Post-mortem: Downtime on January 5, 2023

Some maintenance operations caused a long downtime on our reference server. In the lines below you will find a detailed explanation of what happened.

Impact

Our reference server was offline for around 2 hours. The application responded with a maintenance message or with a 503 HTTP error (Service Unavailable). No one was able to work with the API or web interface during that time.

Root Causes

It is common to perform updating operations in our systems during maintenance windows (Thursdays 8AM - 10AM CET/CEST). But this time, a chain of issues happened during the process.

First of all, the update started after the maintenance window by mistake (wrongly assuming its end at 11AM).

One of the updated packages, haproxy included configuration changes, which were unexpected.

Switching over to the secondary HAproxy system did not help because the system’s certificates were outdated. The automated sync of renewed certificates stopped without prior notice.
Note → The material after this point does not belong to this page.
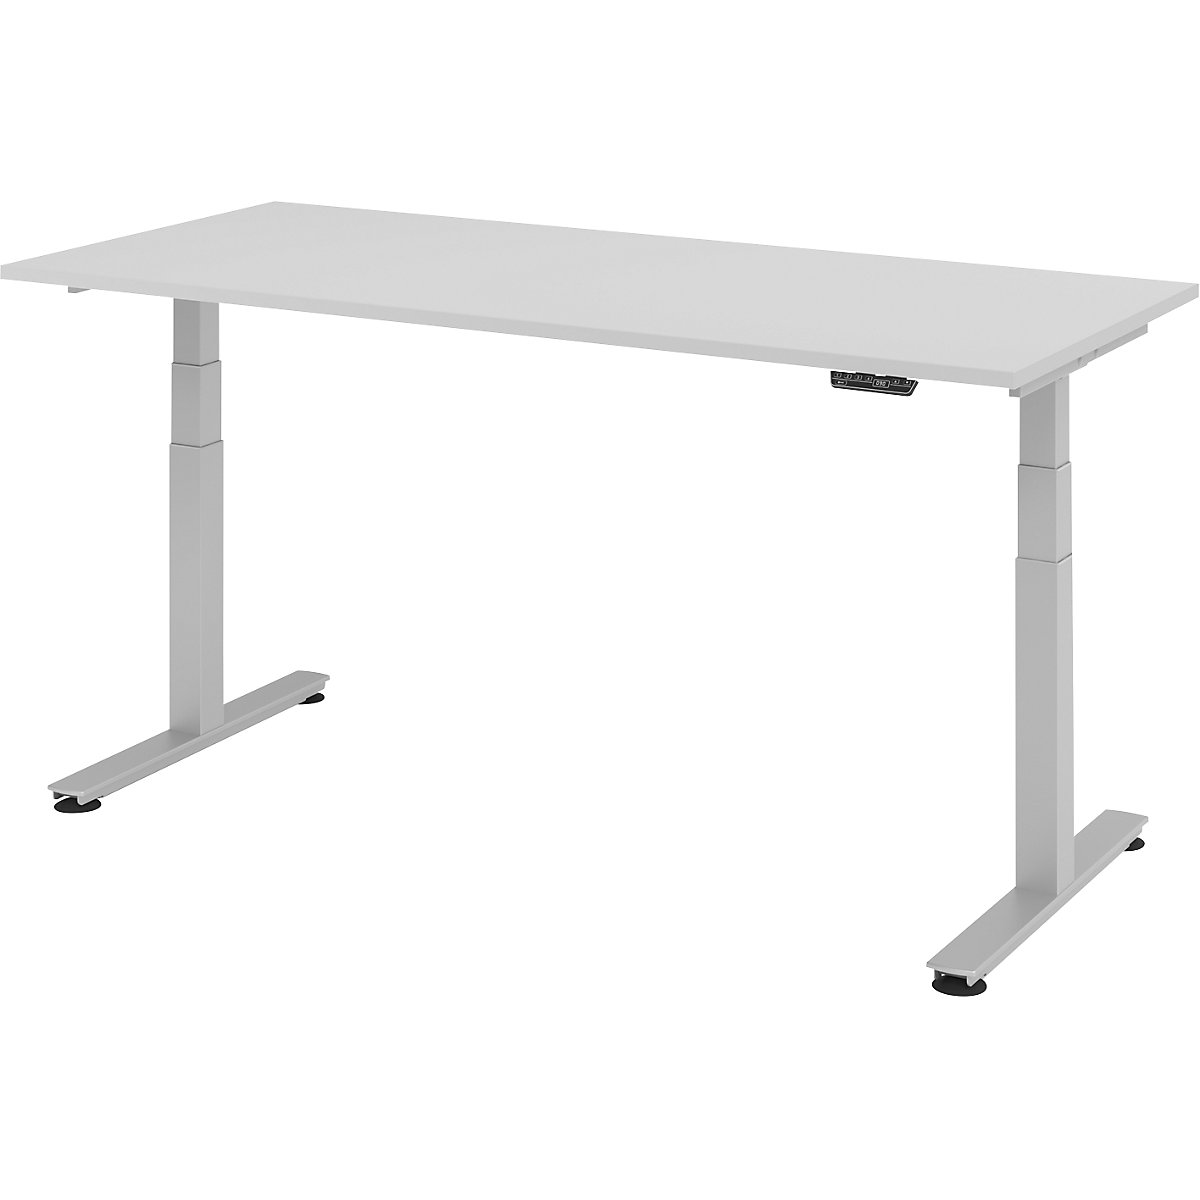 Sta-bureautafel, elektrisch in hoogte verstelbaar UPLINER-2.0, recht, b x d = 1800 x 800 mm, lichtgrijs-19

Once the configuration files were adapted, the service kept down for a while because there was a “MAINTENANCE” flag left in the Apache configuration on another server, which went unnoticed. The flag let this other Apache show the maintenance page and not starting Passenger. Once the flag got removed, everything started working again.

Trigger

  • Updating the haproxy package in the reference server.

Detection

Both the team and the customers detected the application was down. Customers warned us through different communication channels.

Resolution

Adjusting all the HAproxy configuration files, removing the maintainer mode flag in Apache and restarting the server.

Action Items

  • Discuss if a maintenance configuration block is a benefit or a problem.
  • Review the synchronization of SSL certificates for the secondary proxies

Lessons Learned

  • Better analyze the consequences of running “zypper up”, some upgrades need attention.
  • Keep an eye on the secondary machines and their configurations. While we usually deploy everything with Salt, we missed the certificates for the secondary machines this time.
  • If Passenger is started via Apache, the Passenger process will not start if Apache is reporting or having problems. Better check the whole Apache configuration twice, even if the daemon itself starts without visible problems.
  • Expect the unexpected after a long vacation break.

What Went Well?

The problem was detected right after the update and the people involved started to work on it immediately.

What Went Wrong?

  • Not double checking the consequences of the updates beforehand.
  • Not having the second system’s certificates up-to-date.
  • Leaving an Apache flag on a machine that is usually not used with this flag.

Where We Got Lucky

  • No permanent damage.

Timeline (times in UTC)

  • 10:26 start zypper update
  • 10:27 OBS is down
  • 10:35 try to use the secondary HAproxy system without success
  • 10:47 start adapting the configuration
  • 11:27 debugging to guess why the server is not up again
  • 12:18 remove the maintenance mode flag and restart the server
  • 12:20 OBS is up again